Les politiciens, artistes et intellectuels qui ont droit de cité sont ceux qui renoncent d’emblée à marquer leur appartenance à un ordre différent de celui de l’homme et de la femme du commun, ceux qui évitent d’inscrire leurs préoccupations dans un domaine autonome – je n’ose pas dire : supérieur – , ceux qui consentent, en somme, à n’afficher aucune prétention. En tout temps il s’agit pour eux de faire la preuve qu’ils sont issus de la souche commune, qu’en dépit de la vie d’exception qu’ils ont choisi de mener ils n’ont pas oublié leur appartenance première, qu’en vérité la vie qu’ils mènent n’a rien de bien extraordinaire, qu’elle ne conduit à aucune expérience marquante, à aucune découverte décisive, qu’elle est habitée par des soucis qui sont ceux de tout le monde, bref que la conduite des affaires, la création d’une œuvre ou la fréquentation des livres ne les a pas foncièrement changés, qu’ils sont demeurés les mêmes. […]

La domination de la vie ordinaire n’est pas un phénomène obligatoirement négatif, cela va de soi. C’est aussi une vraie chance de naître et grandir dans un pays où chacun peut mener une existence tranquille et sans histoire, jouir de la paix et du confort, faire des projets, fonder une famille et mener une carrière. La vie ordinaire offre de grandes satisfactions, auxquelles il ne saurait être question de renoncer – d’autant, j’en ai parfaitement conscience, que la vie que je mène, plusieurs hommes et femmes que le hasard a fait naître dans les zones les plus instables, les plus dévastées du globe seraient heureux de la mener aussi.

Il faut reconnaître la beauté et la dignité de la vie ordinaire, la force des valeurs qui la fondent : une recherche de simplicité et de naturel, le goût de l’authenticité et de la familiarité, l’attention accordée à la présence sensible des êtres et des choses, l’amour pour les situations modestes et les vies minuscules, l’attachement au sens commun. 

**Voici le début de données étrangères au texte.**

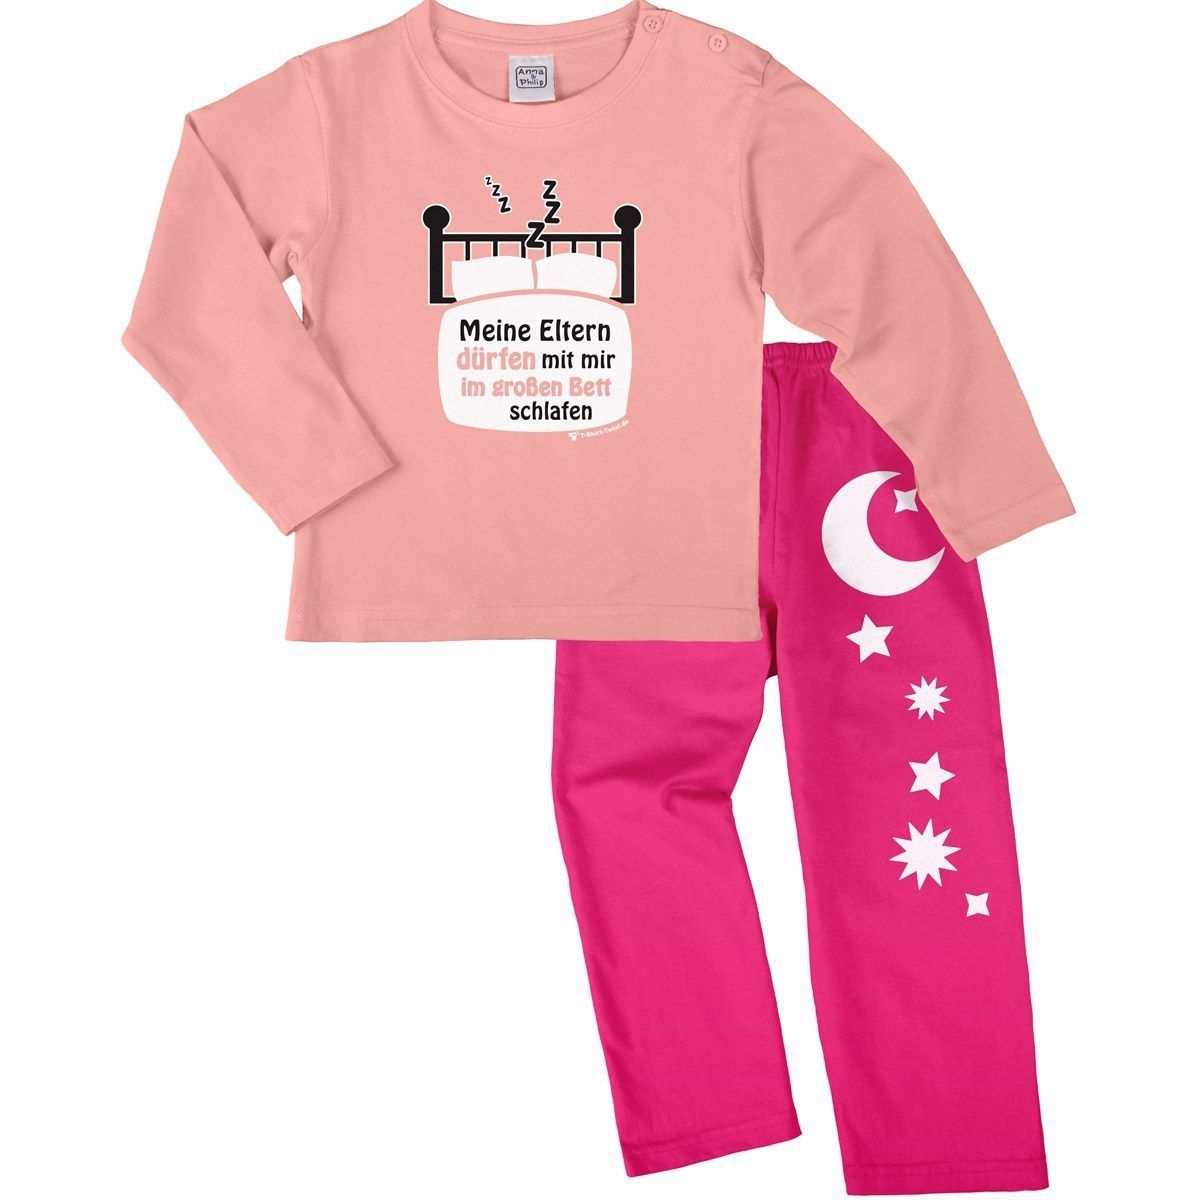 Im großen Bett schlafen Pyjama Set rosa / pink 110 / 116

Bien plus que par son idéalisme ou son lyrisme, c’est dans l’exploration et la mise en valeur de la dimension prosaïque de l’existence, dans sa capacité à tirer profit des données immédiates – sa légendaire débrouillardise – que la culture québécoise se distingue depuis toujours, et il ne saurait être question de renoncer à ce qui en est venu à former pour les artistes et les intellectuels une véritable terre d’élection.

Il reste que la vie ordinaire ne peut pas être le commencement et la fin de tout, sans quoi le risque est grand que la culture sombre tout entière l’insignifiance. Je ne peux accepter l’idée que ma vie, que notre vie se contente de l’ordinaire, qu’elle se borne au cycle de la production, de la reproduction et de la consommation, je ne peux me contenter des poncifs et slogans qui animent le discours public et desservent l’autonomie de la pensée, je ne peux m’empêcher d’en appeler, y compris par le recours à l’ironie, à des idéaux qui relèvent d’une plus grande exigence, qui nous arrachent à nous-mêmes, qui appellent au dépassement de l’habitude, à la fin du ronron rassurant. Je ne peux renoncer à un supplément de sens ou de valeur dont je ne trouve ni la source ni l’image précise, mais qui demeure en moi comme l’écho d’un monde perdu ou jamais vraiment connu. Au pays de la vie ordinaire, l’expression d’une telle insatisfaction peut avoir quelque chose d’inconvenant ou de baroque. On nous répète tellement que nous sommes formidables et uniques, les processions d’autocongratulation font tant d’adeptes, le complexe récréo-festivalier est devenu si puissant, qu’on finit par croire qu’il ne manque rien, qu’il n’y a rien de plus à espérer, et même : qu’il serait malvenu de se plaindre ou d’exiger plus. Bien sûr, personne n’a la naïveté de penser que nous sommes entrés dans la terre promise, mais il n’empêche : la majorité se comporte comme si l’essentiel du travail avait été accompli, qu’il ne restait plus qu’à gérer les acquis, comme si, en somme, nous étions arrivés.